Seventeenth Century Judgment of the Jurors of Romney Marsh Concerning the Sale of Soil for Sea-Wall
Huntington Library Battle Abbey Collections 56 A
Photograph by Tobias Hrynick
Our latest postcard comes courtesy of PhD student Tobias Hrynick:
This July, I was able to attend the Mellon Summer Institute in English Paleography at the Huntington Library in San Marino, California. The Institute consisted of a month of afternoon course-work on reading early modern handwriting, lead by Dr. Heather Wolfe, of the Folger Library. In the mornings, I was able to explore the Huntington’s extensive collection of manorial records of Battle Abbey, a Benedictine foundation in Sussex. The research opportunities and training provided by the Institute have contributed to my ongoing research project on the drainage and agricultural exploitation of south-eastern English marshes, since the Battle Abbey collection at the Huntington contains extensive documentation of Battle’s lands on Pevensey Marsh with occasional reference to other marshes in the region, and because an understanding of early modern hands is a key tool in unraveling the early modern scholarship through which our understanding of medieval marshes has been mediated.
Texts from Battle Abbey reveal a number of peculiar features of wetland charters.
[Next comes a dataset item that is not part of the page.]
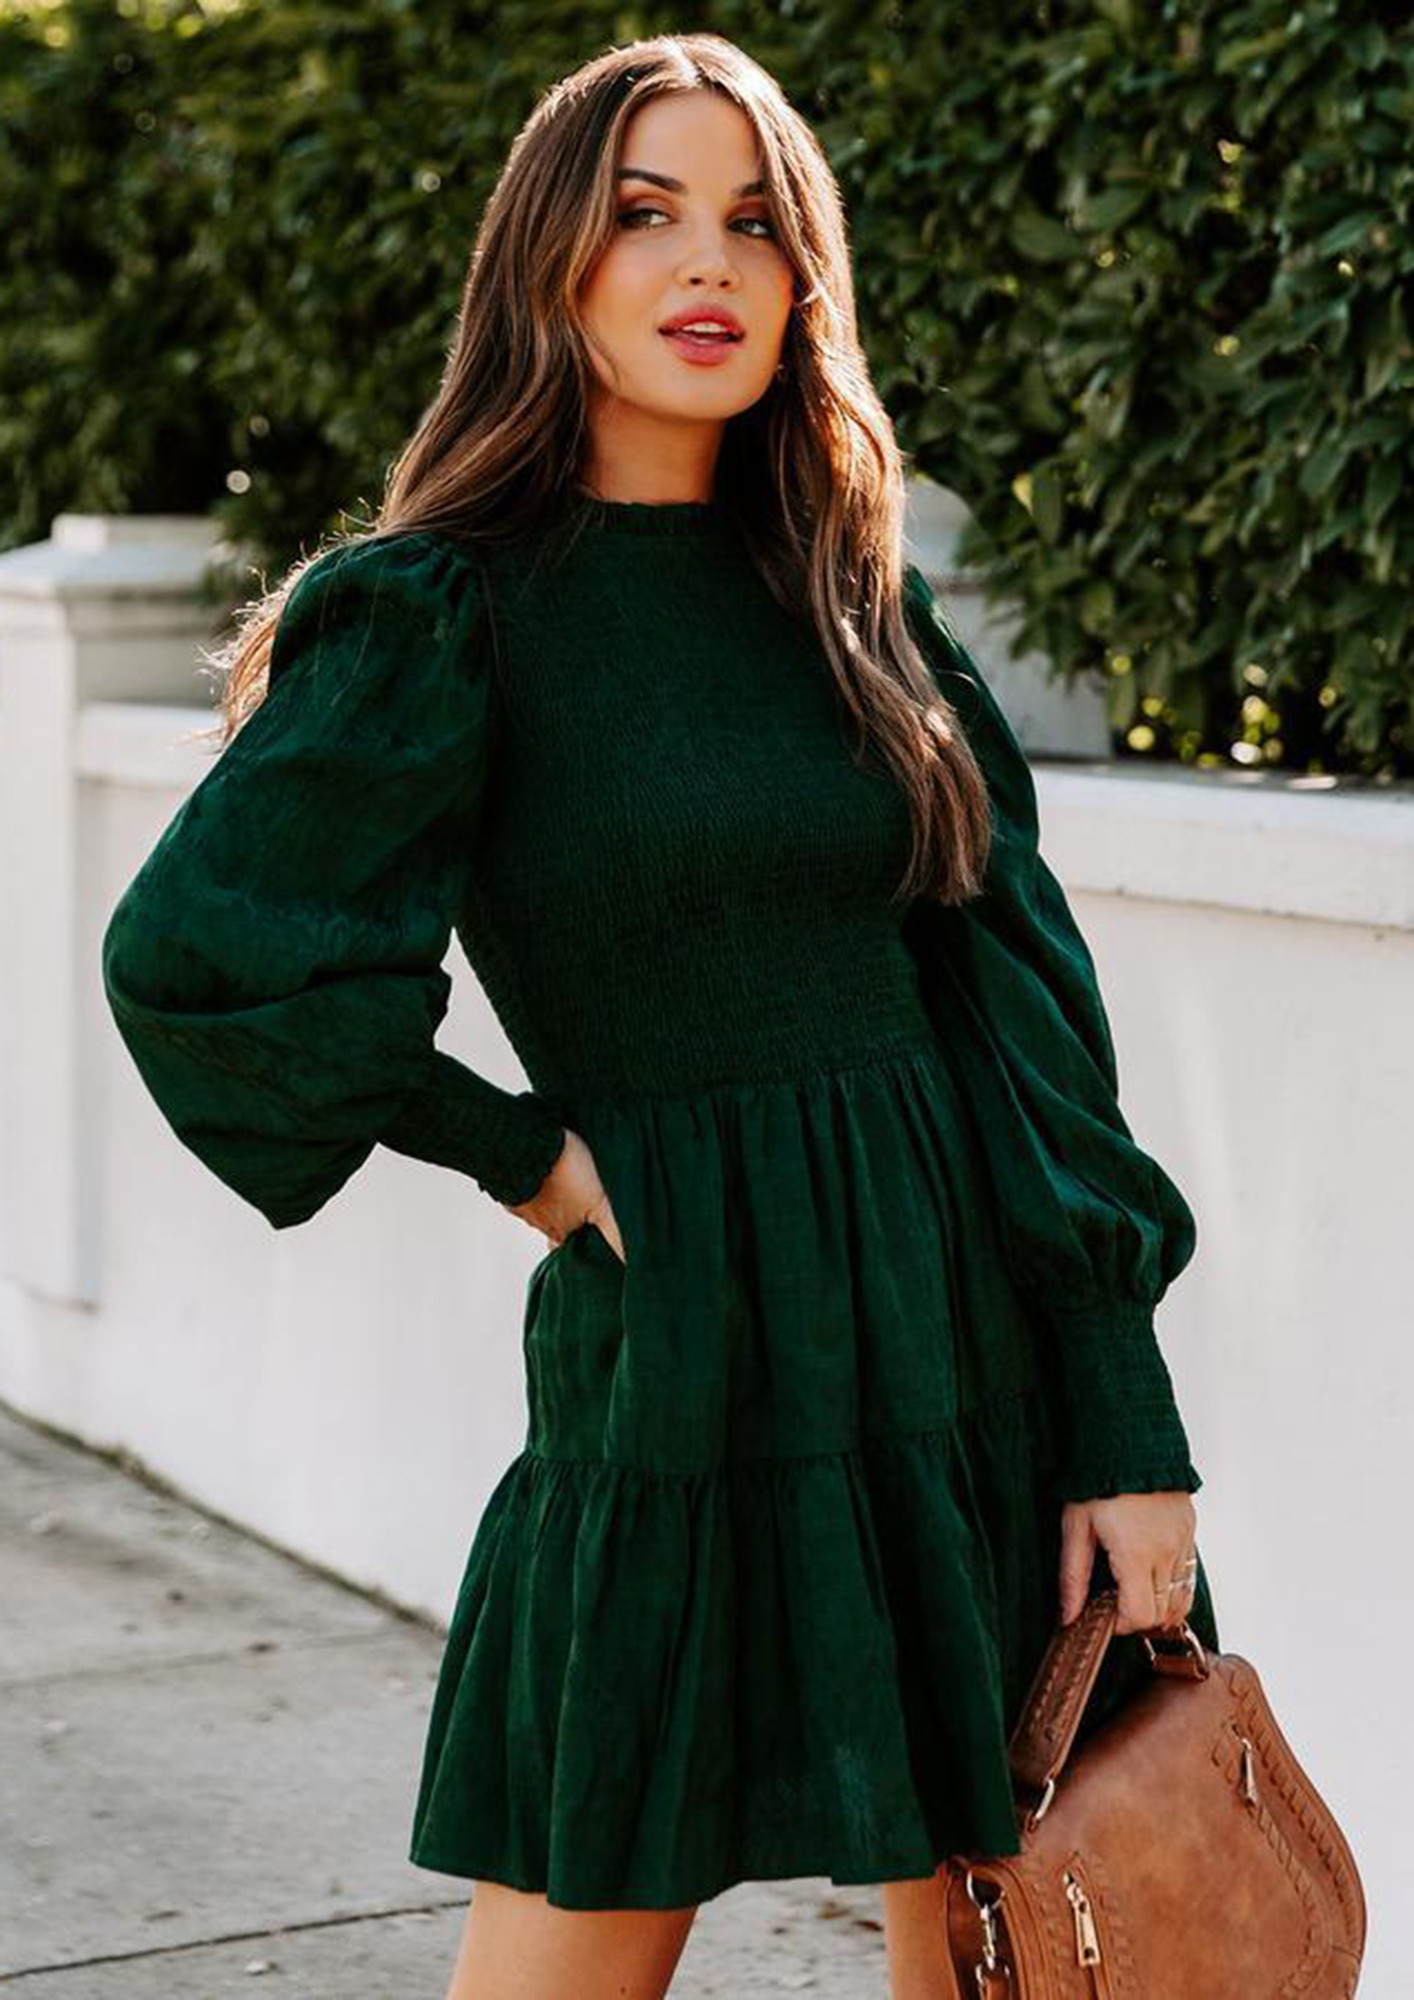 Bottle Green Outfit

Notable is the occasional use of the slightly larger Flemish acre to measure wetland holdings, suggestive of influence from the Low Countries in medieval English wetland exploitation. Also interesting is the careful attention given to responsibilities toward marsh drainage when wetlands were being transferred – one gift of marsh to Battle Abbey specified not only that it would be the monks who were responsible for maintaining the drainage ditch on the edge of the property, but even onto which side of the ditch they were to cast dirt when they dredged it.